The Sri Lankan presidential line of succession is the order in which the Prime Minister of Sri Lanka and other persons of the Sri Lankan government may assume the powers and duties of the President of Sri Lanka upon the incapacity, resignation or death of an incumbent President.

==Constitutional procedure==
The first of three paragraphs that make up Article 40 of the Constitution states that:

(a) If the office of President shall become vacant prior to the expiration of his term of office, Parliament shall elect as President one of its Members who is qualified to be elected to the office of President. Any person so succeeding to the office of President shall hold office only for the unexpired period of the term of office of the President vacating office.

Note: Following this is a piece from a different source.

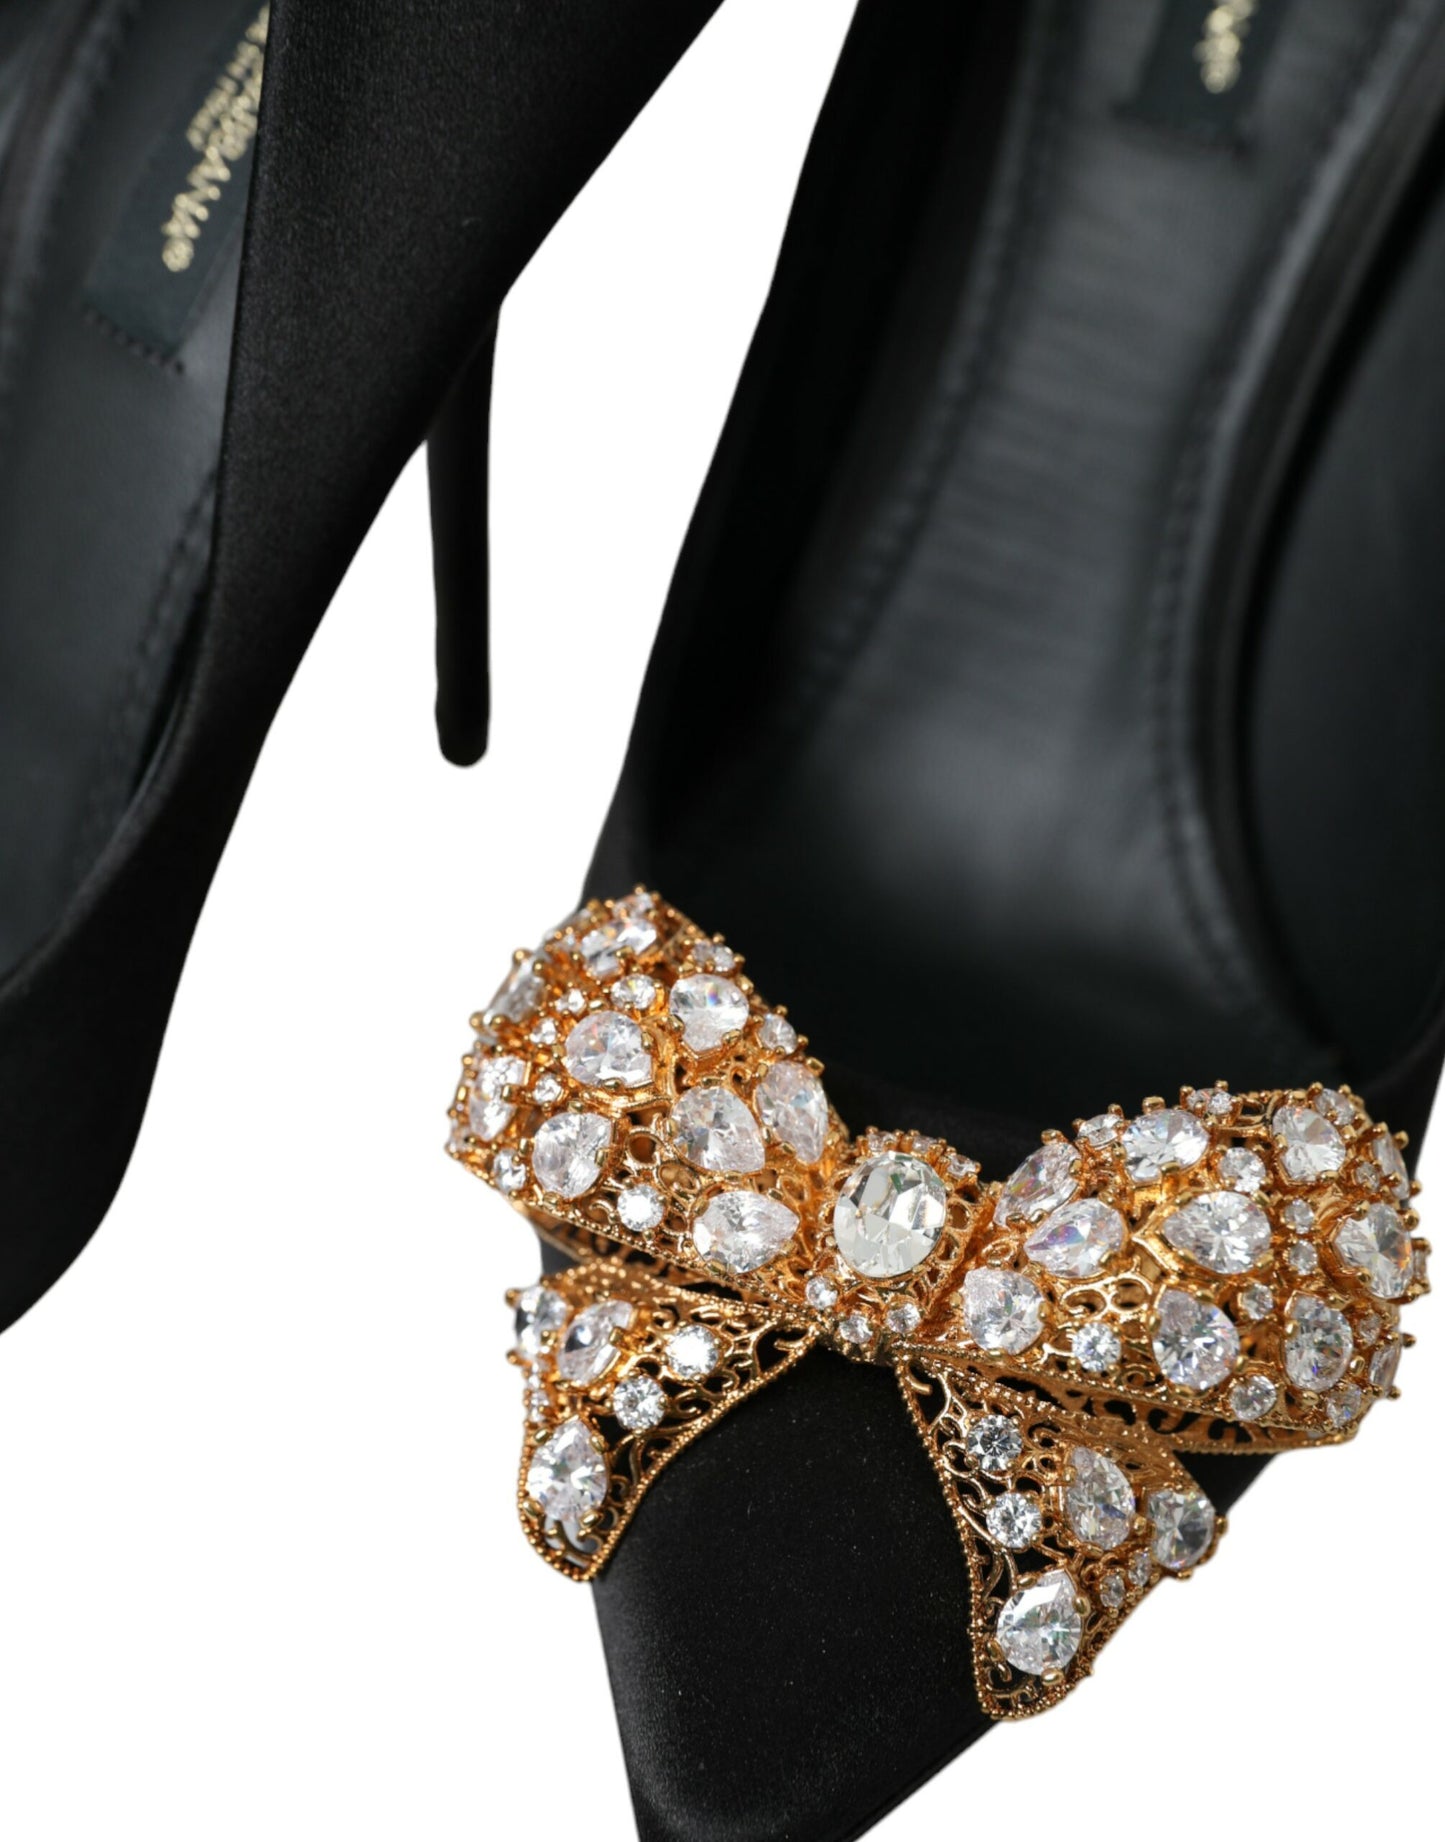 Black Satin Bow Embellished Heels Pumps Shoes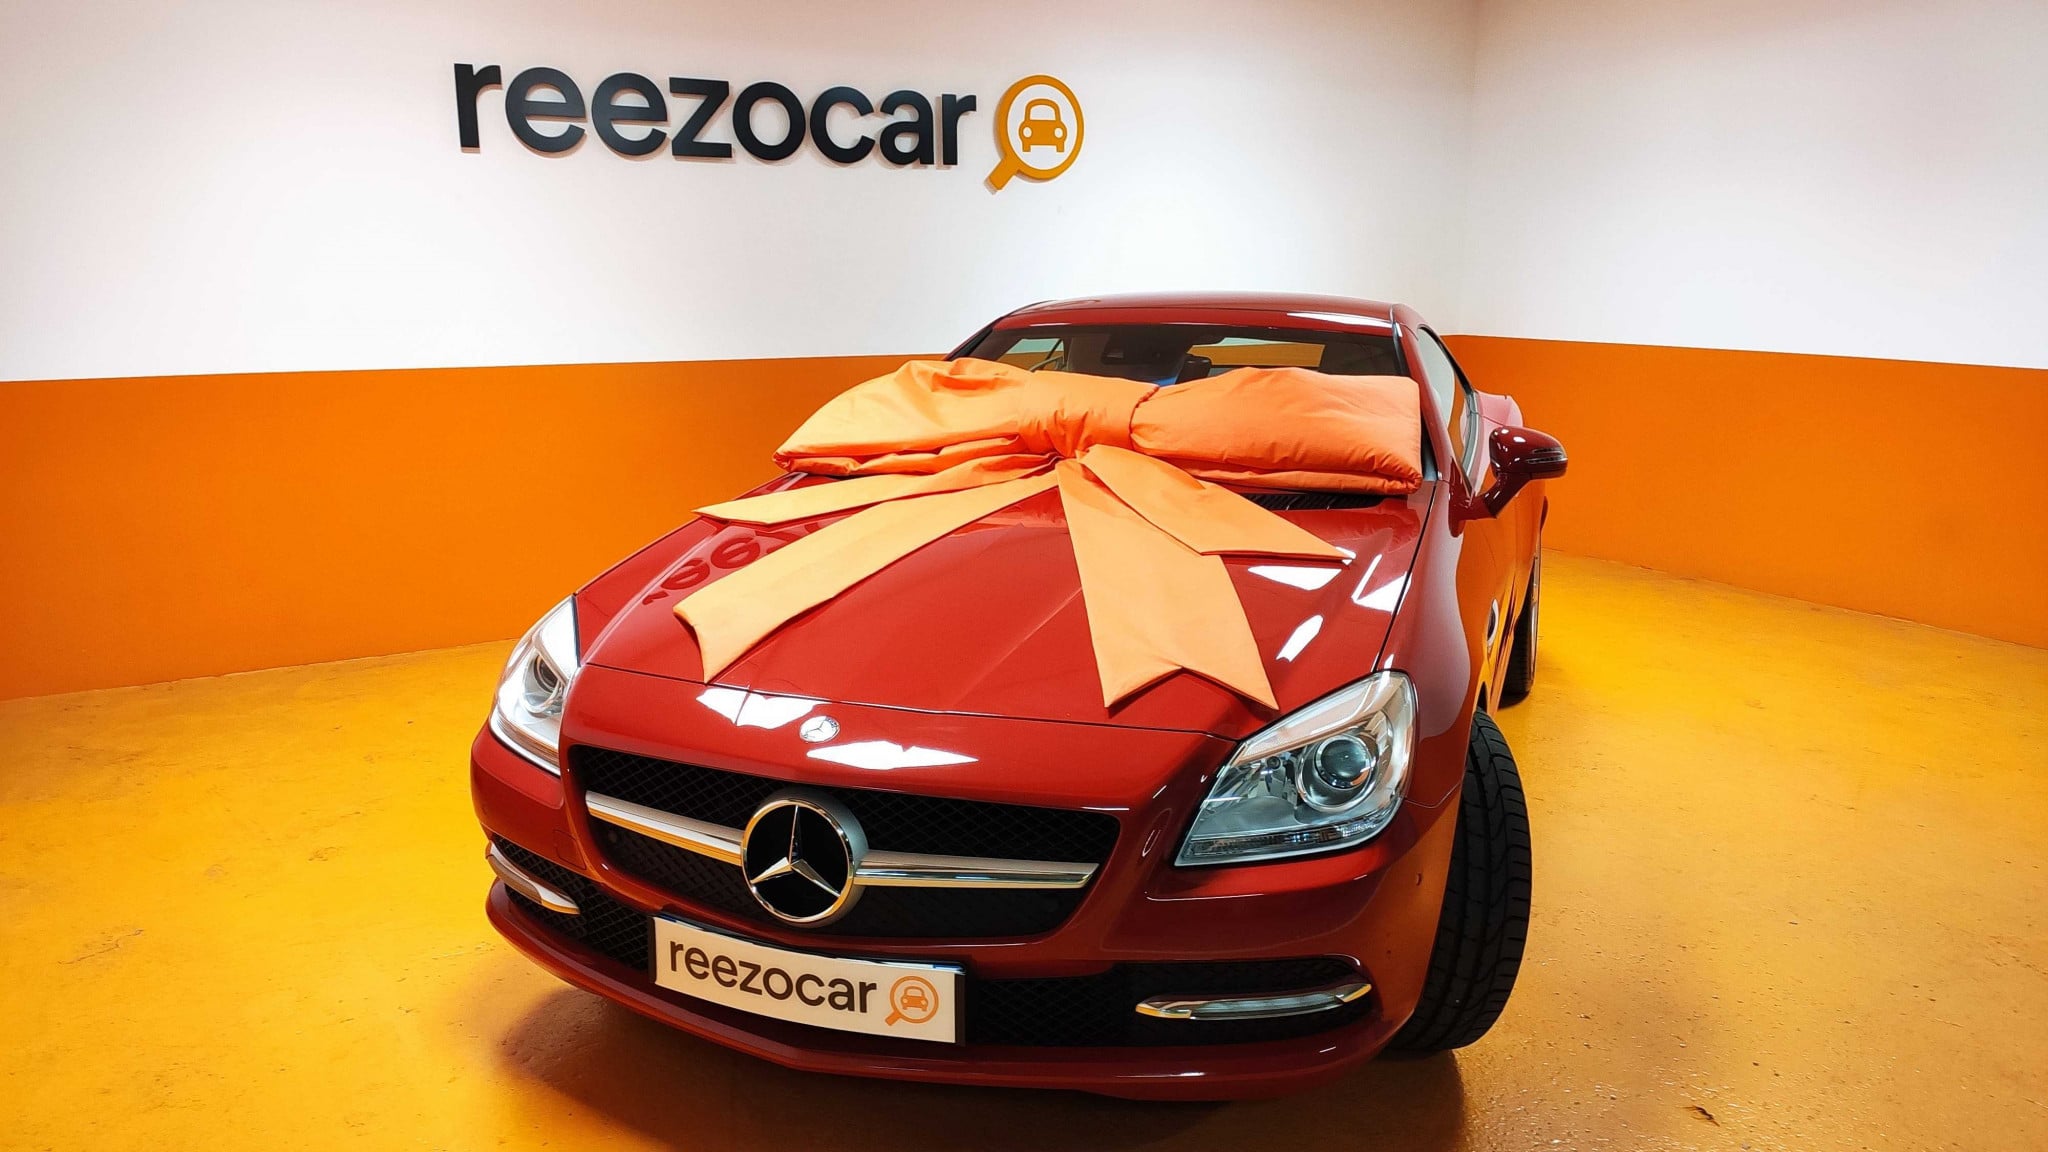 Top 10 des meilleurs intérieurs de voiture 2012 - blog auto

(b) Such election shall be held as soon as possible after, and in no case later than one month from, the date of, occurrence of the vacancy. Such election shall be by secret ballot and by an absolute majority of the votes cast in accordance with such procedure as Parliament may by law provide:

Provided that if such vacancy occurs after the dissolution of Parliament, the President shall be elected by the new Parliament within one month of its first meeting.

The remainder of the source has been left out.